* [ASSIGNED TASK]:
Select all lines in the records that include "Furniture".

* [DATASET EXTRACT]:
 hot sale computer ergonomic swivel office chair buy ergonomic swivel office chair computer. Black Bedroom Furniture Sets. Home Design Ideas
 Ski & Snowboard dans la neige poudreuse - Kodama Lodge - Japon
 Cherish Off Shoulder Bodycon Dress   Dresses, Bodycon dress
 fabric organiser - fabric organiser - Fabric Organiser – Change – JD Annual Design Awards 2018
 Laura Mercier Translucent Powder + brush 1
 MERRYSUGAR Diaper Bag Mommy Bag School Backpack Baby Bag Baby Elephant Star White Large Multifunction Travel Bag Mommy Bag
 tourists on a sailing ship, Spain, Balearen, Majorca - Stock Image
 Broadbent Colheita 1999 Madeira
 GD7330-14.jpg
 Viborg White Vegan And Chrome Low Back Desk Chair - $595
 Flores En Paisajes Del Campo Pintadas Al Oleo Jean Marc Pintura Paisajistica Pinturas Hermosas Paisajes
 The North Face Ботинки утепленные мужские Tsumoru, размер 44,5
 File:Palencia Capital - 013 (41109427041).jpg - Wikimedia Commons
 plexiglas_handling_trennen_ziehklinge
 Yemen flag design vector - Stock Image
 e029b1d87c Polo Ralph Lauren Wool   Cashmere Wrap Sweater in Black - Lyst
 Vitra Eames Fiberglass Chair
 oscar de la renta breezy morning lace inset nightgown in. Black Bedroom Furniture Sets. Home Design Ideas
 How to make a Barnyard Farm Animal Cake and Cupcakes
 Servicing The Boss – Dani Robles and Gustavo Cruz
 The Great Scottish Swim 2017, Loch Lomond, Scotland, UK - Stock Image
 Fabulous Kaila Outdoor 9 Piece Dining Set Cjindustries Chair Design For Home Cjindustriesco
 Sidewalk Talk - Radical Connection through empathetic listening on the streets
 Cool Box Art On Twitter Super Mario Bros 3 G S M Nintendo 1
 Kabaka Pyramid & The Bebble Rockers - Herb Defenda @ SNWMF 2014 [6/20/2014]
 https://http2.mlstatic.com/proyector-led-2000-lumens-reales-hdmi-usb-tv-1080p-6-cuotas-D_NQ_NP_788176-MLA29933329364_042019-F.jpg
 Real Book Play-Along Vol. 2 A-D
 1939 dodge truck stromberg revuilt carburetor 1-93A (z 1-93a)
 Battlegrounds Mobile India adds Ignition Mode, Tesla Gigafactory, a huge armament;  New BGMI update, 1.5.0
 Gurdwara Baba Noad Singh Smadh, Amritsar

* [WORKED SOLUTION]:
 hot sale computer ergonomic swivel office chair buy ergonomic swivel office chair computer. Black Bedroom Furniture Sets. Home Design Ideas
 oscar de la renta breezy morning lace inset nightgown in. Black Bedroom Furniture Sets. Home Design Ideas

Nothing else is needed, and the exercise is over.